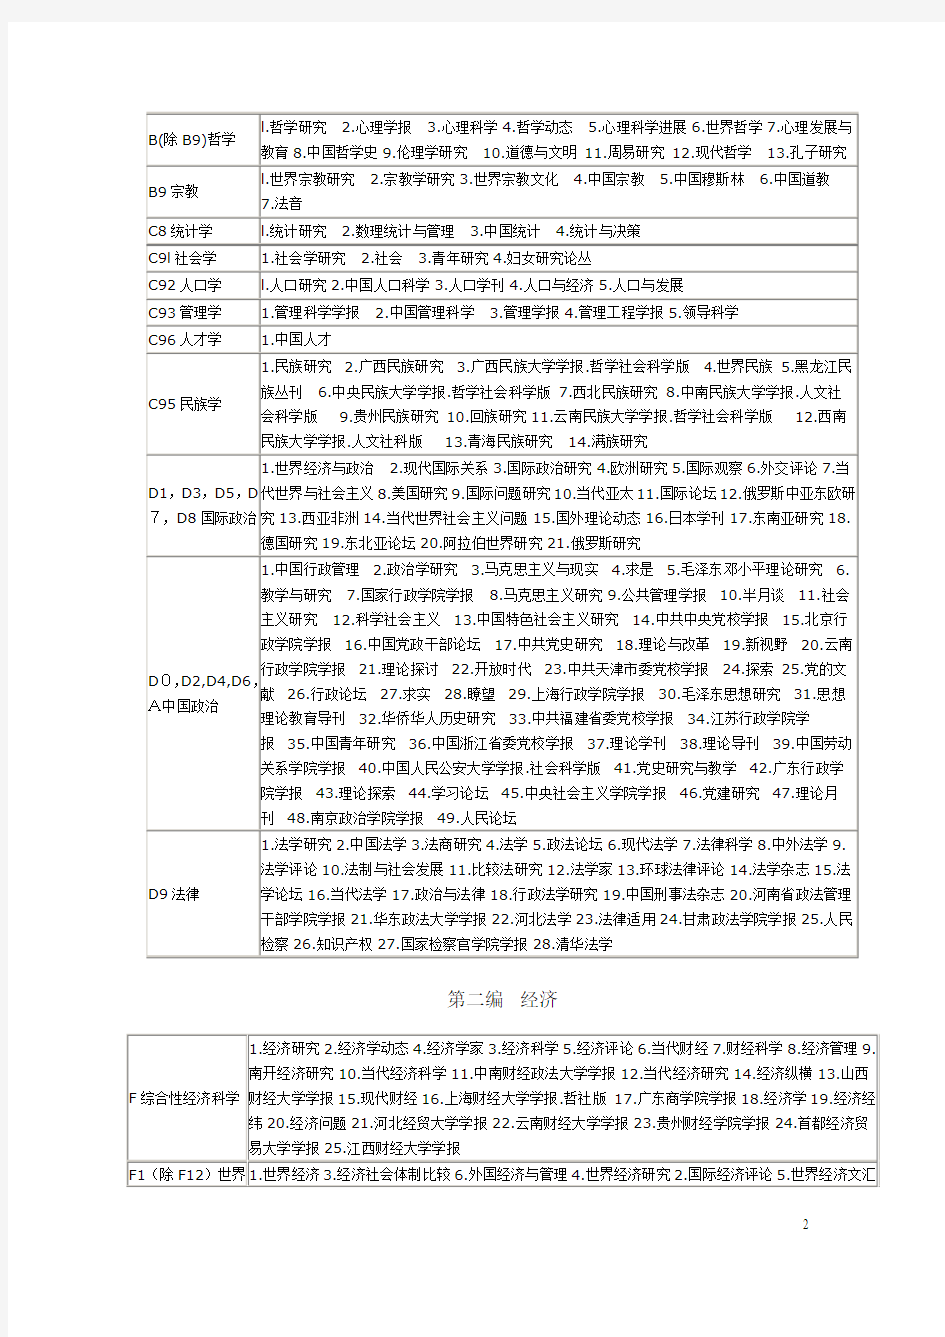 中文核心期刊目录总览(第六版)
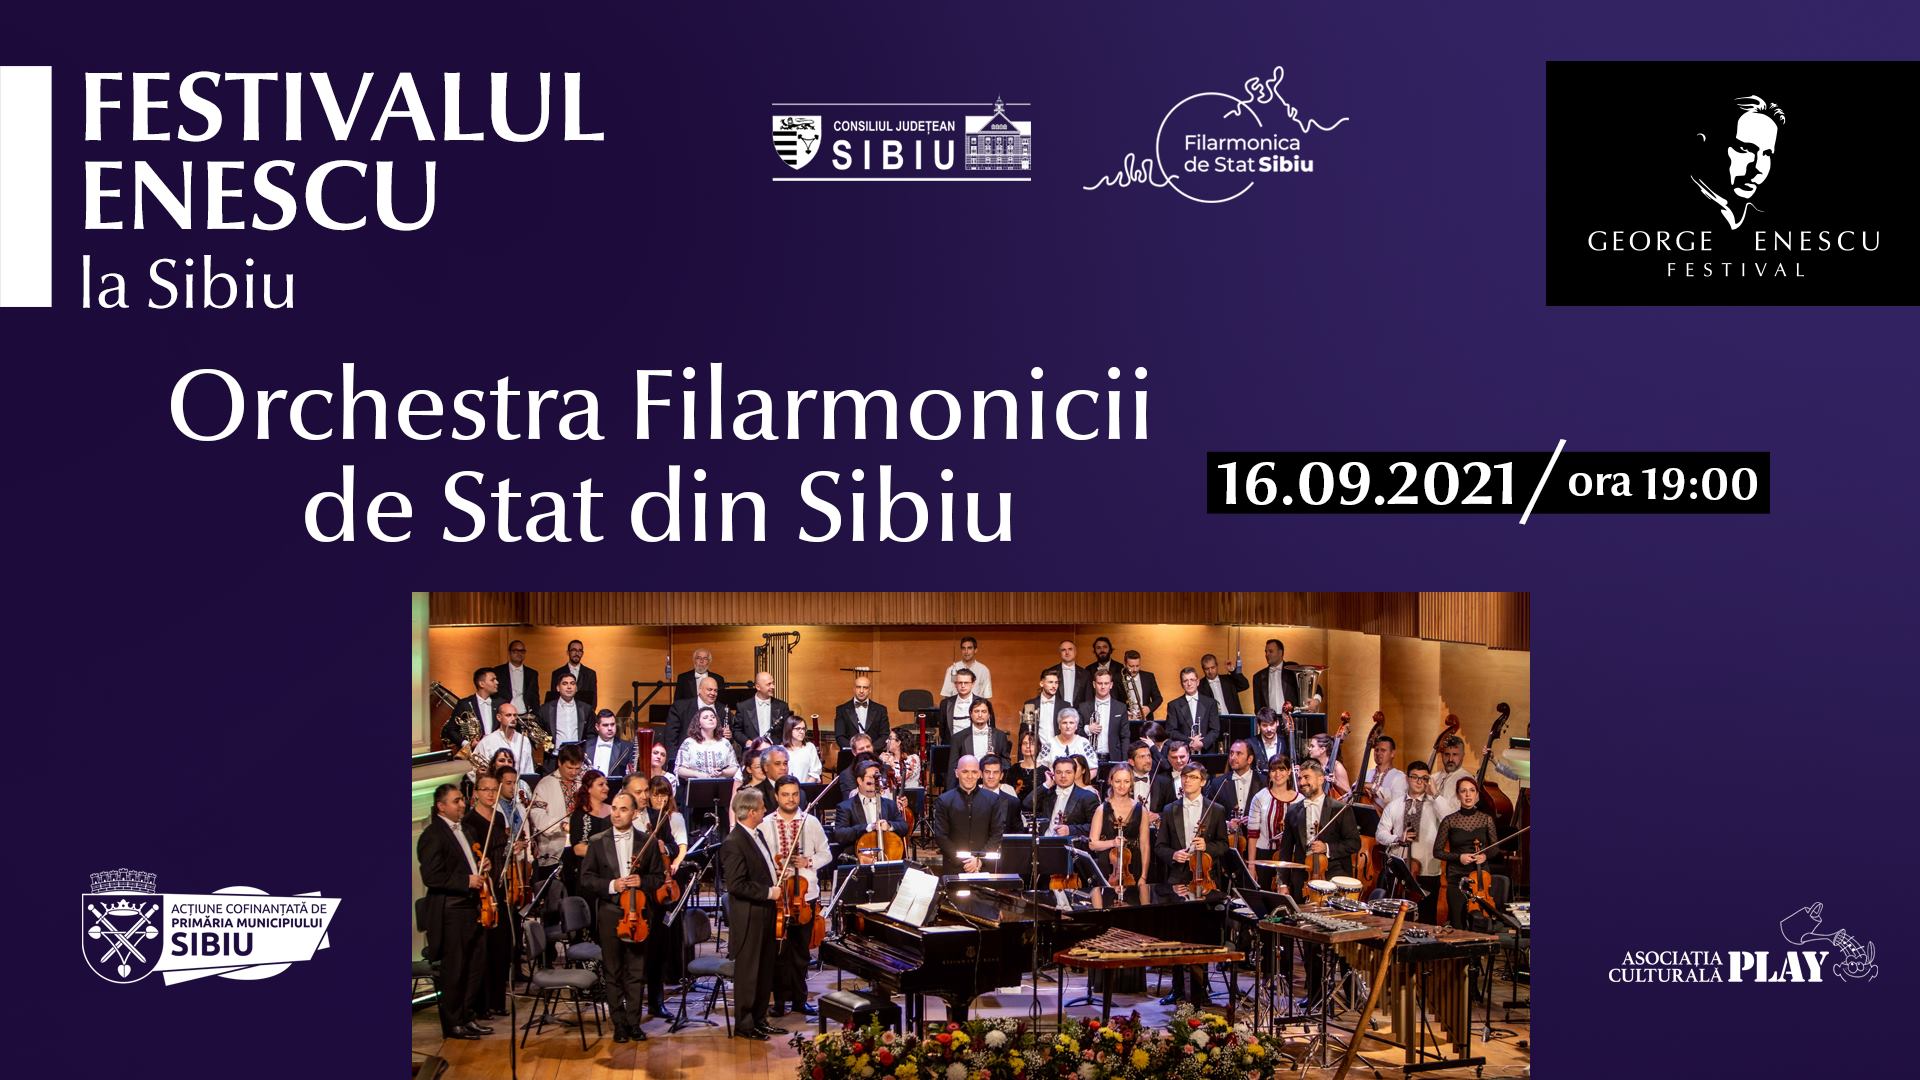 Concert Orchestra Filarmonicii de Stat din Sibiu ✦ Festivalul Enescu la Sibiu
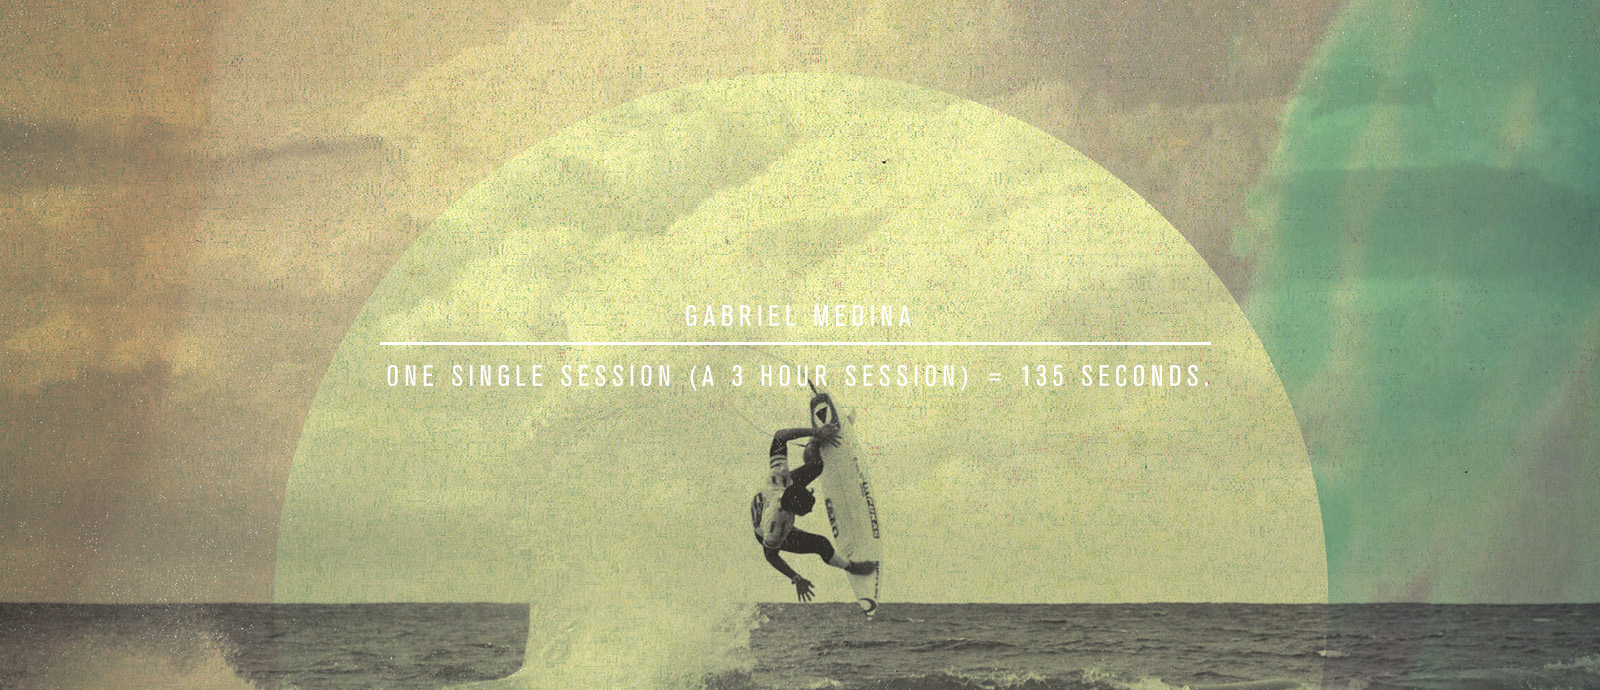 Pukas Surf Gabriel Medina 135 seconds 2014_06_23 02

Exercise ->
All lines from the line with "Concert Orchestra Filarmonicii" through the final line of the listing are to be printed exactly, both ends included; the pictures are not.

Written solution ->
 Concert Orchestra Filarmonicii de Stat din Sibiu ✦ Festivalul Enescu la Sibiu
 Pukas Surf Gabriel Medina 135 seconds 2014_06_23 02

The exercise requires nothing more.